Q: Tomato sandwiches I guess. Salsa. Give some away
A: hey, that's a great idea!!


----------



## Tommyice (Dec 5, 2010)

Fowler said:


> I hate the land one worst, then who do you work for, ~makes me cringe~


I know who you work for. I'd cringe too. LOL


----------



## Shrek (May 1, 2002)

My standard reply to rude questions is to simply say "That is not the type of question I am inclined to entertain with a reply. Please forget that you asked as I intend to do. Let us change the subject."

If its particularly rude I will accentuate my non reply with a walking distance space separation as I turn my back on the rude party while keeping them in my peripheral field of vision as I move elsewhere.


----------



## FarmboyBill (Aug 19, 2005)

How m much hay you got
As much as I can get

How much hay you getting
All I can lay my hands on


----------



## littlejoe (Jan 17, 2007)

L.A. said:


> "I've got one head for every four feet"
> 
> Yep,,That's the answer!!


Unless you count the two on crutches, and the one double amputee.
Or they ask me how many I counted... All of them, duh! 

How much land do you own.... None, I just rent it from the govmt and pay it in taxes.



Shrek said:


> If its particularly rude I will accentuate my non reply with a walking distance space separation as I turn my back on the rude party while keeping them in my peripheral field of vision as I move elsewhere.


Wish I could swivel my head like that!


----------



## L.A. (Nov 15, 2007)

I wonder why nobody pointed out that.....

Cattle ain't got no feet........


----------



## boiledfrog (Jun 2, 2011)

Here's another rude question. Why are you embarrassed by how many cows you have?


----------



## foxfiredidit (Apr 15, 2003)

Because my cows are so poor folks say I don't have cows, just the frames for those I'm trying to build.


----------



## TenBusyBees (Jun 15, 2011)

I am continually amazed at how complete strangers want to know why we have so many children or if we plan on having more or um, how our children where delivered. :shocked: 

I've replied with...
blank stares
Does it matter? You're not paying the bill.
I love my husband.
I don't know how this keeps happening. Could you explain it to me?


----------



## Prismseed (Sep 14, 2009)

If you talk about street racing people will ask what car you drive.

If you talk about football people will ask who is your team.

If you talk about farming people will ask how much land you're working.

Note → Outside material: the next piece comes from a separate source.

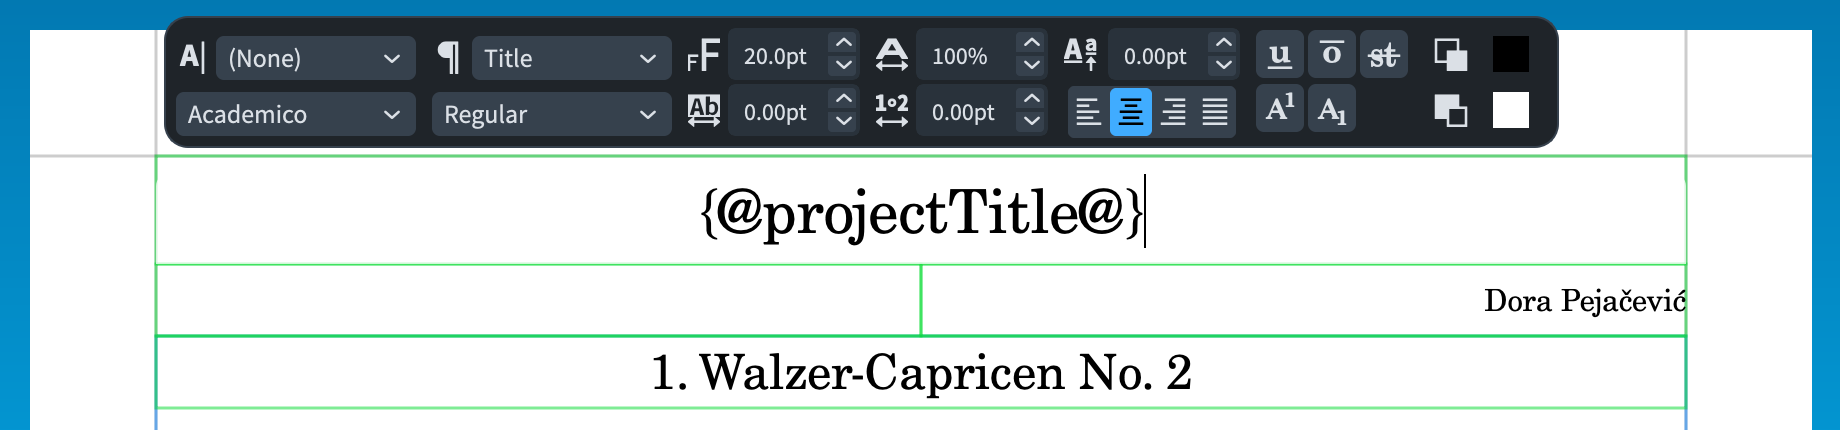 Project title token, part of the First page template

If you talk about cattle people will ask how large your herd is.

The only thing wrong with the questions are if you have shame of your answer.

Granted there are some exceptions the "Oh you're raising 10 cattle? I miss those days I've got 500 spread out betweeen...." and that isn't so much a rude question as someone with ego or other 'traits'.


----------



## Prismseed (Sep 14, 2009)

We're homesteaders not Monsanto. It isn't about how much we have, but how much effort and management we put into what we do have.


----------



## BetsyK in Mich (May 14, 2002)

When asked how many acres I have I say "enough to keep me poor" or "almost a quarter of a section". That usually gets me a puzzled stare since not many folks who would ask know what a section is. The first answer usually sidetracks the money question.


----------



## Evons hubby (Oct 3, 2005)

How many acres do you own?

which farm?

How many cattle do you own?

all of them. 

How much money do you make?

None... I get mine the old fashioned way.... I earn it. 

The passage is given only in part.